It’s Friday morning. The quiet in this house if deafening. Not long ago Arthur’s alarm would be going off soon. I would love to hear him playing his guitar, or the piano. The constant tapping of him texting used to drive me insane, but oh what I wouldn’t give to hear that sound. Even an argument between he and Wolfgang would be music to my ears. The things I used to get so easily annoyed by are the things I miss the most! I always thought I appreciated the little things.. Now I cherish EVERY small moment of everyday that I have with my family. Every breeze that blows across my face, each moment of each day that I have left on this earth is a gift I will never again take for granted. I love you Artie…
I may not have told you enough how very proud I am of you… You are my son and my friend. You are my confidant, my guardian, my partner in crime and my constant. If I needed anything done, fixed or made you always tried your best to get it done. You have a smile that melts hearts, the spirit of a wild horse and the ability to make everyone feel their very best. I am the luckiest mom in the world. You are here with me always in my heart and I love you.
I have been thinking a lot about our life before Artie left us. We have been so blessed and fortunate to have been a homeschooling family. In the past several years we have traveled, met amazing people and spent so much time with the boys. Had they been in a brick and mortar school, we would not have these amazing memories. I can say Arthur and I had a great relationship. We were friends as well as mom and son, I knew him, really knew him.
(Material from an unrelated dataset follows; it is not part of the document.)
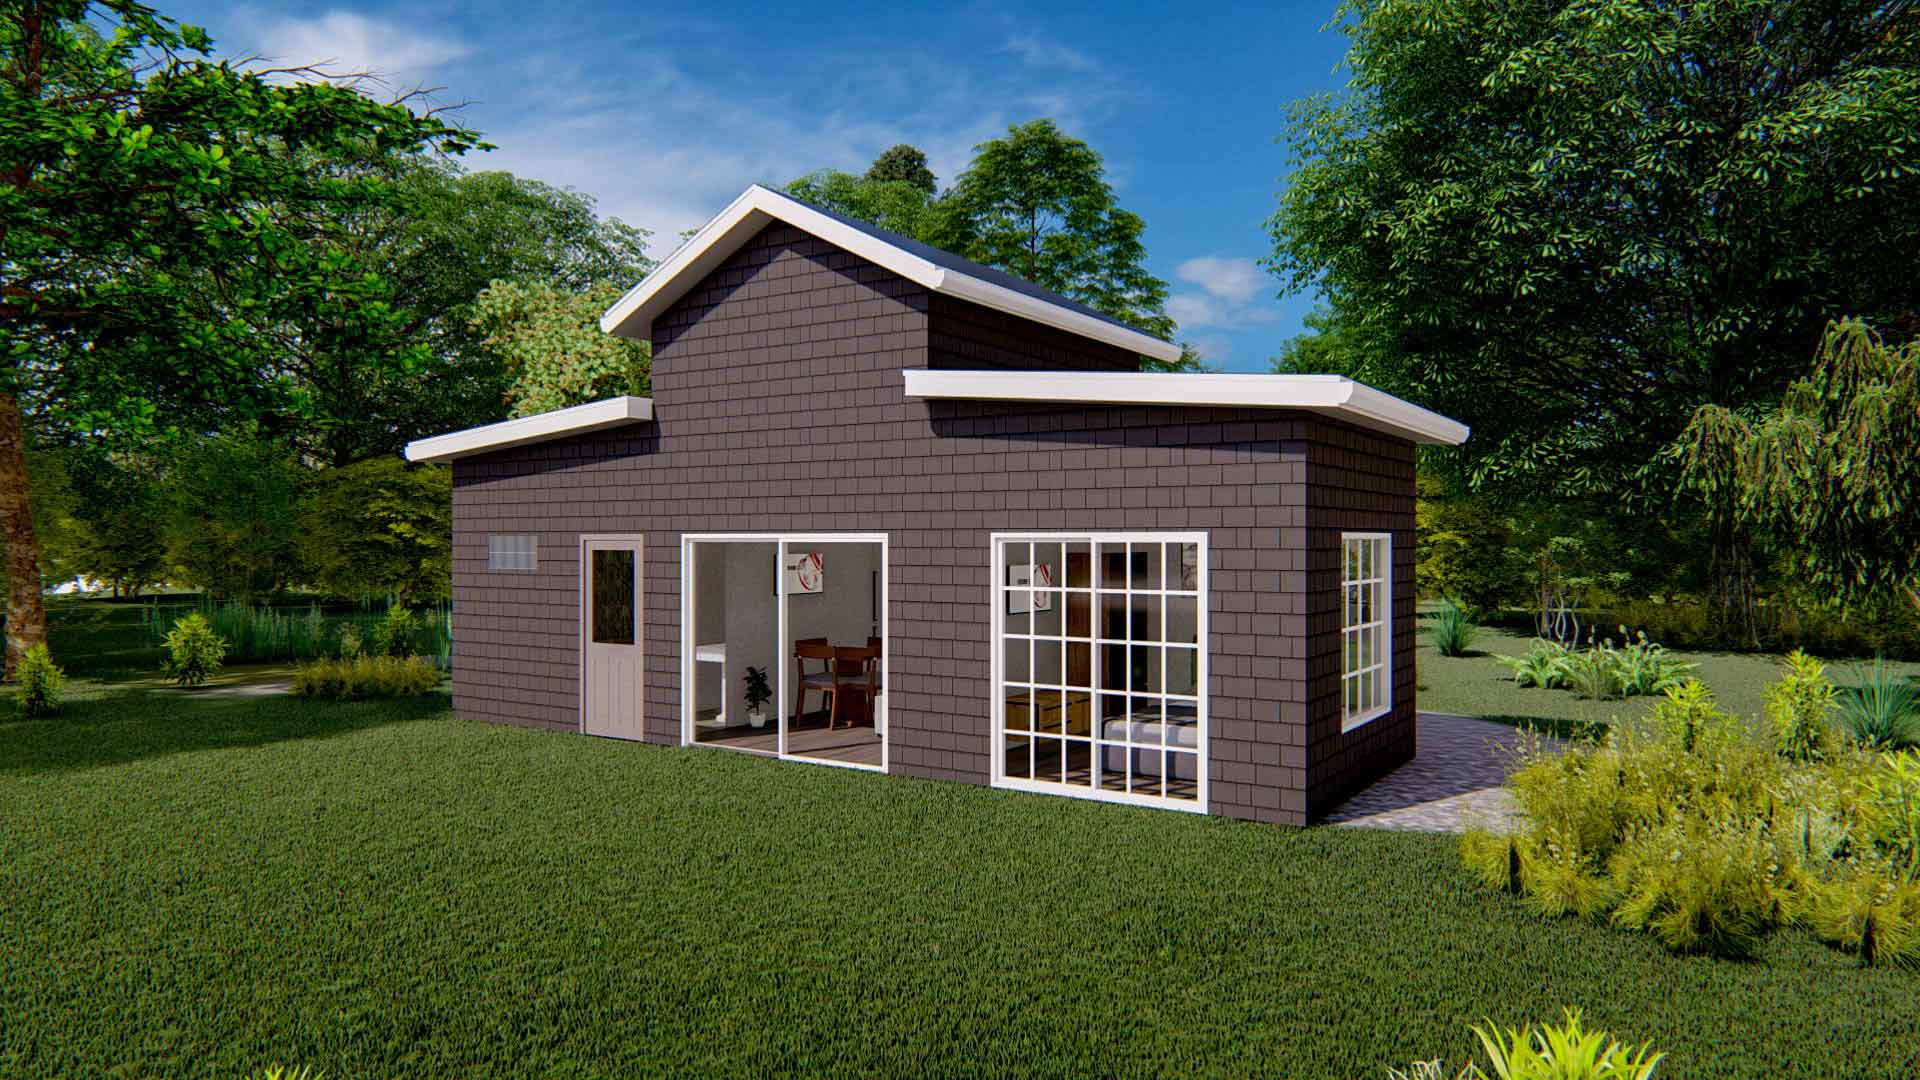 The Haven 1 Bedroom 366 sq. ft. Tiny Home DIY Steel Frame Building Kit,  ADU, Cabin, Guest house, Backyard rental - PLUS 1 Homes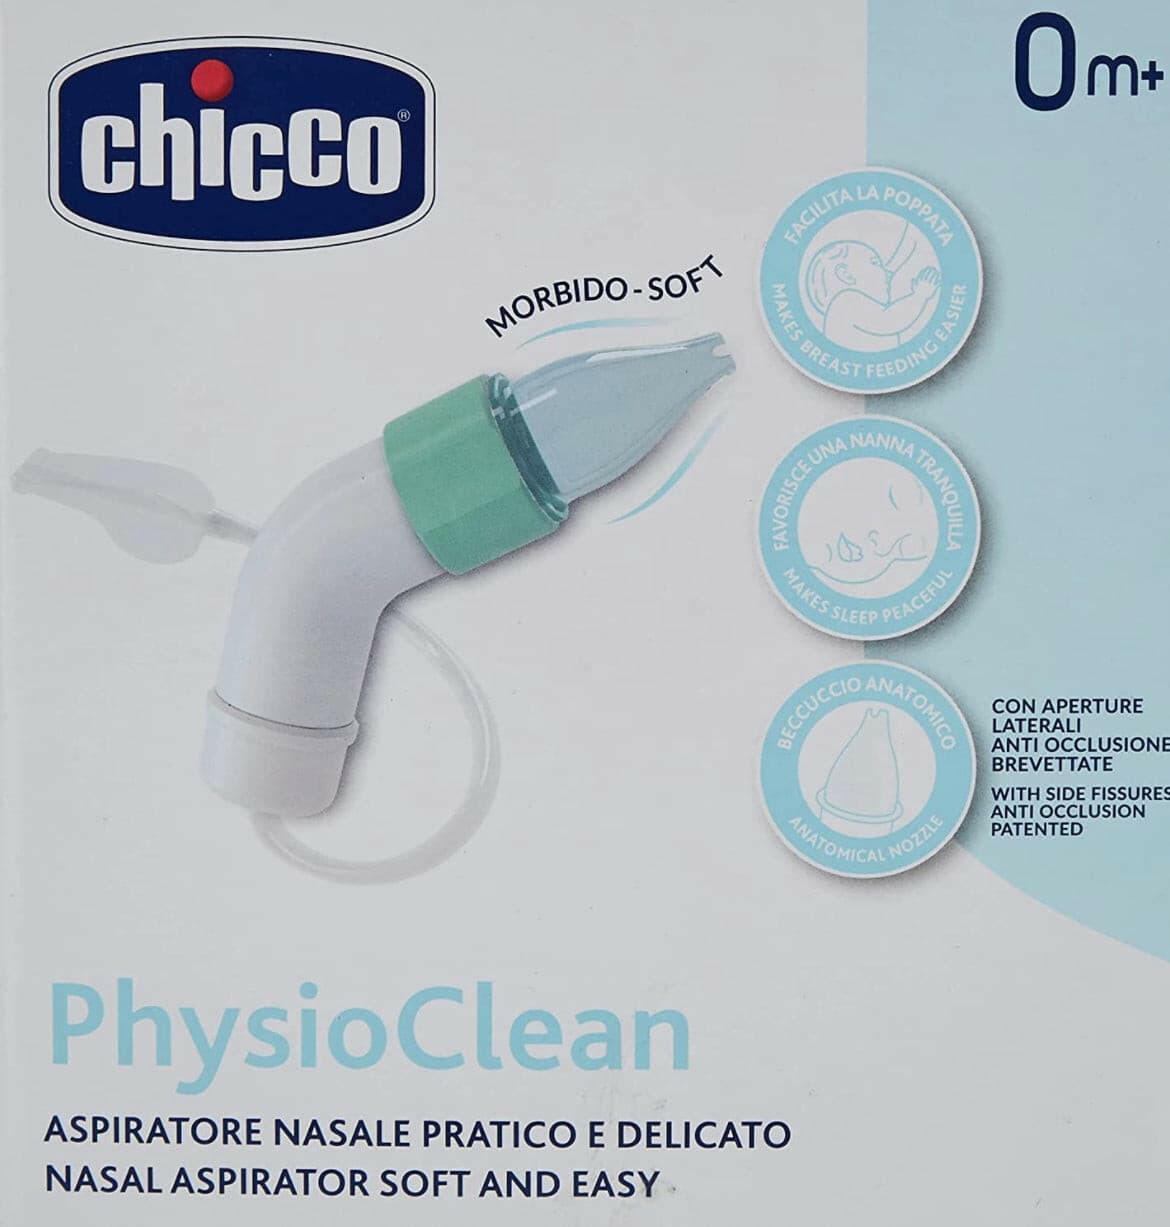 Chicco Physio Clean Nasal Aspirator.

This may not have been the case otherwise. I am comforted when I think that he did not spend 8 hours or more a day away from us. Wolfgang would have had to go back to school soon after this horrific event had he been in the system. That would have been so awful for him. To have to rush his grief would not in my opinion have been healthy at all. So I am grateful to my husband more at this time than ever for working like he has to be sure I could always stay home with the kids. I still grieve for the loss and will forever but am truly blessed to still have the life I do.
Wolfgang and I got out of the house some today. We just kind of bummed around. Bought some mums for out by the garden for some color, hit a few resale shops and went for sushi. Days like this are usually hard because we miss doing things with Arthur and I know he would want to be skating somewhere today. I imagine that he is on a board with skating with amazing souls! 😊But it was nice to have some fun and laughter with Wolfgang. Working on our new normal is starting to feel more natural.
To all of you I say: Hug your kids, tell them you love them and how proud you are of them!! To myself I say: Breath and take in the life you have! It is still amazing!